Suara riang itu datang dari dua orang — Son Eunseo dan Kim Seohyun.
Saat ini, hanya mereka bertiga di ruang pelatihan.
Eunseo memohon pelatihan pribadi, dan kebetulan Seohyun ikut bergabung.
“Eunseo-ya, kenapa bicara pakai banmal ke jungsa-nim?”
“Byeong Son Eunseo. Setelah jam dinas selesai, beliau bilang tak perlu formalitas.
Saya sudah coba tetap sopan, tapi Kim Minjun jungsa-nim yang bilang sendiri: katanya malah terasa aneh.”
“Oh begitu? Ya sudah, kalau begitu.”
Seohyun mengangguk, meski dalam hati masih canggung.
Hubungan mereka bertiga…
aneh, tapi fungsional.
Kadang akrab seperti rekan lama,
kadang bentrok seperti rival di medan perang.
Seperti baru tadi, Eunseo dan Seohyun sempat saling menyindir hal sepele —
tapi dalam latihan, mereka selalu saling mendorong batas kemampuan masing-masing.
“Hm. Bukan akrab, tapi sama-sama keras kepala.”
Namun satu hal pasti:
bila bicara soal bakat dan potensi — keduanya luar biasa.
Eunseo menatap Seohyun dengan ekspresi rumit.
“Katanya dia cuma hasa baru. Tapi kecepatan reaksinya luar biasa.”
“Tubuhnya terlatih, dan gerakannya… itu level veteran.”
Meski berasal dari Hunter NCO School,
Eunseo merasa gadis itu seharusnya tidak mungkin “baru lulus”.
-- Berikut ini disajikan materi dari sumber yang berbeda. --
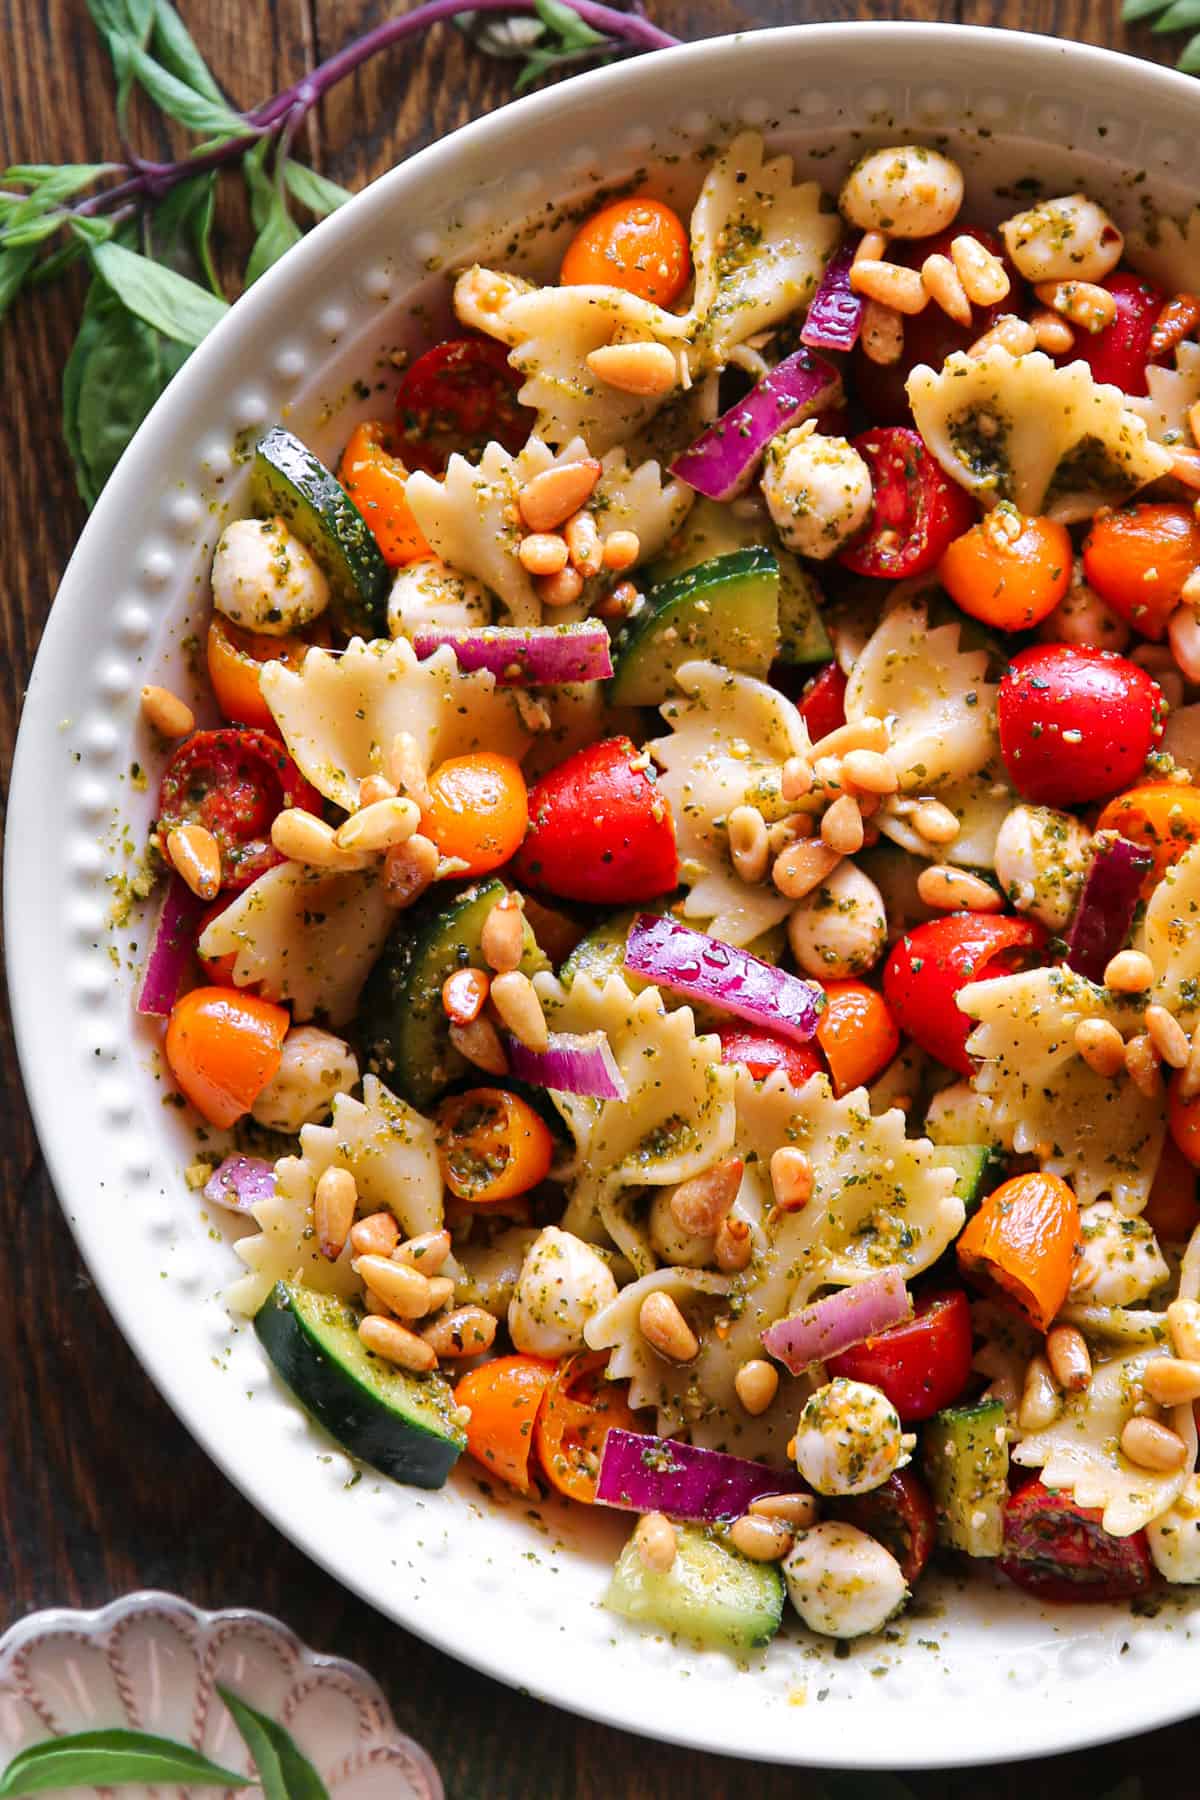 Pesto Pasta Salad with Cherry Tomatoes, Cucumber, Red Onion, Pine Nuts, and Mozzarella cheese - in a white bowl.

“Kalau benar tak punya pengalaman tempur, itu berarti bakat mentahnya mengerikan.”
Eunseo menggenggam pedang latihan.
Ada sedikit rasa frustrasi di dadanya.
“Haa… rasanya sudah lama sekali aku merasa kalah.”
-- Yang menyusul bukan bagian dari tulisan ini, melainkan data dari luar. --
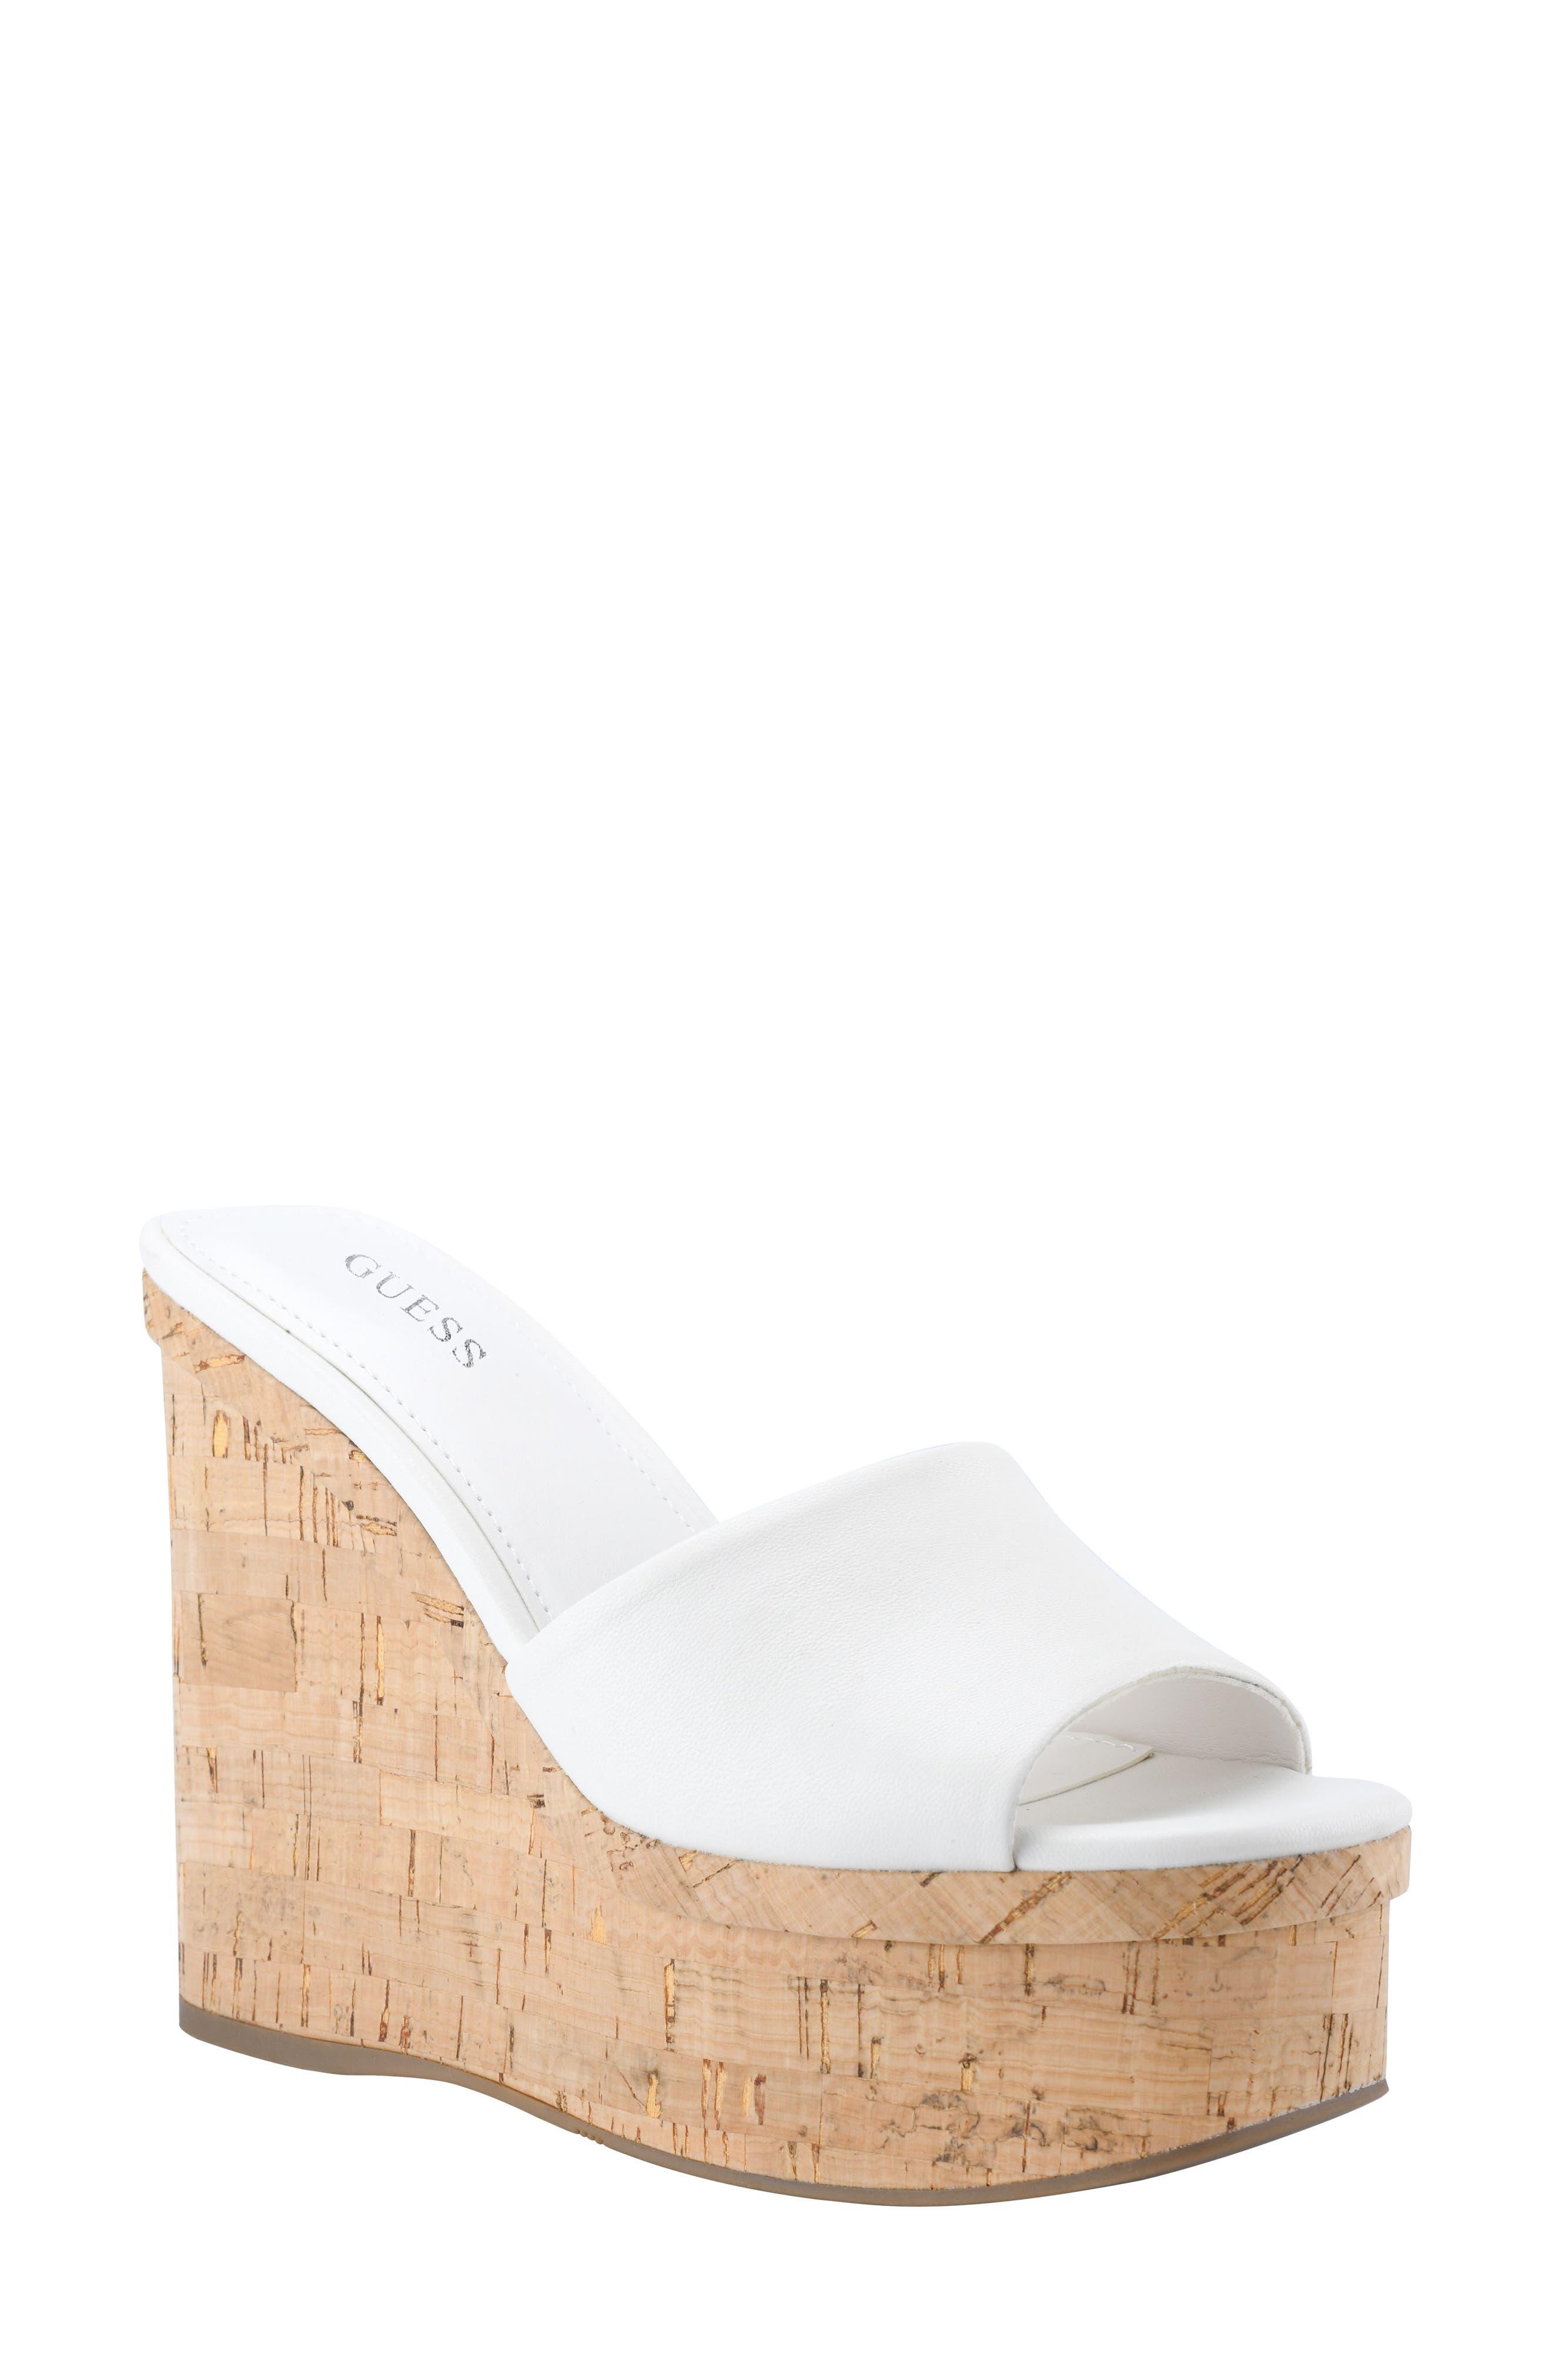 Guess Catia Platform Wedge Sandal in White | Lyst

“Haha. Kau dapat gen unggul dari appa yang seorang sa-dan-jangnim, masih aja ngomong gitu?”
“Kau serius ngomong gitu? Dasar manusia tak tahu malu.”
Seohyun terkekeh.
Tapi sebelum Eunseo sempat membalas, Minjun tiba-tiba memanggil.
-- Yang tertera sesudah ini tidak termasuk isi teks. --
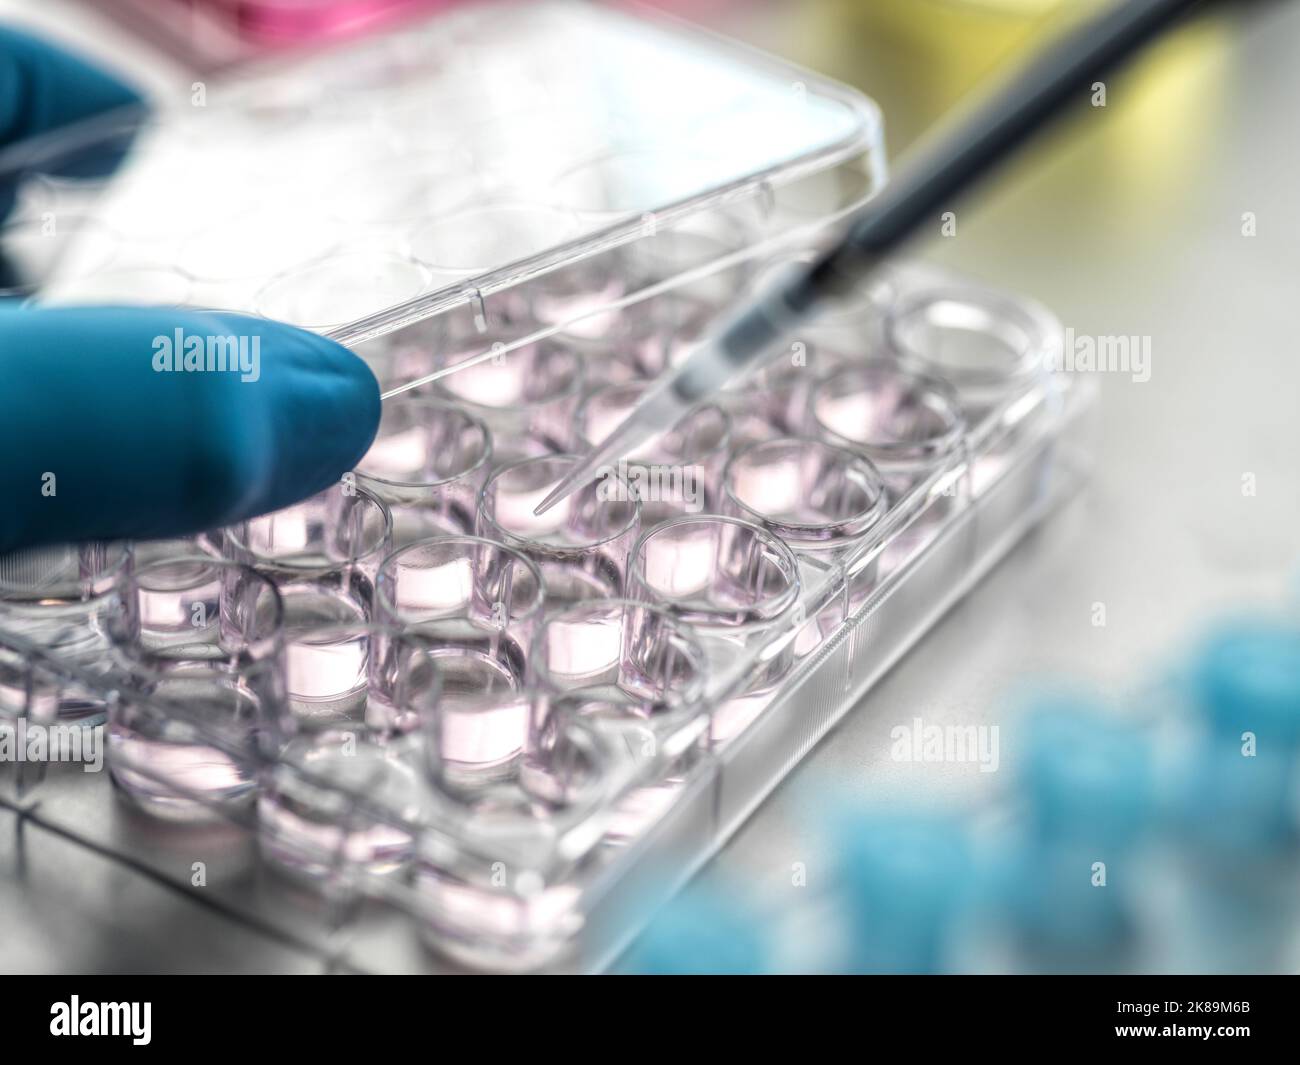 Pharmaceutical research Stock Photo

“Kalian berdua, lihat ini.”
Ia menunjukkan layar ponsel — isi pesan dari dae-dae-jangnim.
“Double Dungeon? Kau… ikut?”
“Benar. Dan katanya dungeon ini tak bisa diukur tingkat bahayanya.
Artinya, poin penilaiannya juga luar biasa.”
Eunseo mengerutkan kening.
Double Dungeon bukan mainan.
Double Dungeon.
Tempat di mana dungeon lain tersembunyi di dalam dungeon utama.
Biasanya hanya perwira berpengalaman yang diizinkan masuk.
‘Dia memang kuat, tapi belum punya pengalaman Double Dungeon… bukan?’
Ia tahu Minjun kuat.
Tapi tempat itu bukan sekadar pertempuran — melainkan surga sekaligus kuburan para Hunter elit.
‘Kenapa dae-dae-jangnim memilih dia?’
‘Begitu besar kepercayaannya?’
Namun di sisi lain,
Kim Seohyun mengangguk mantap tanpa ragu sedikit pun.
“Kalau Kim Minjun jungsa-nim yang turun, bahkan sendiri pun beliau bisa menaklukkannya.”
Senyum Seohyun bersih dan jujur.
Eunseo hanya bisa mendesah.
“Orang ini… fanatik ya, bukan sekadar kagum.”
“Yah, kebetulan spesifikasiku baru naik belakangan ini.
Kalau disuruh menaklukkan sendirian pun, aku rasa bisa.”
Minjun menepuk sarung tangannya,
menyunggingkan senyum senang seperti anak kecil yang baru mendapat mainan baru.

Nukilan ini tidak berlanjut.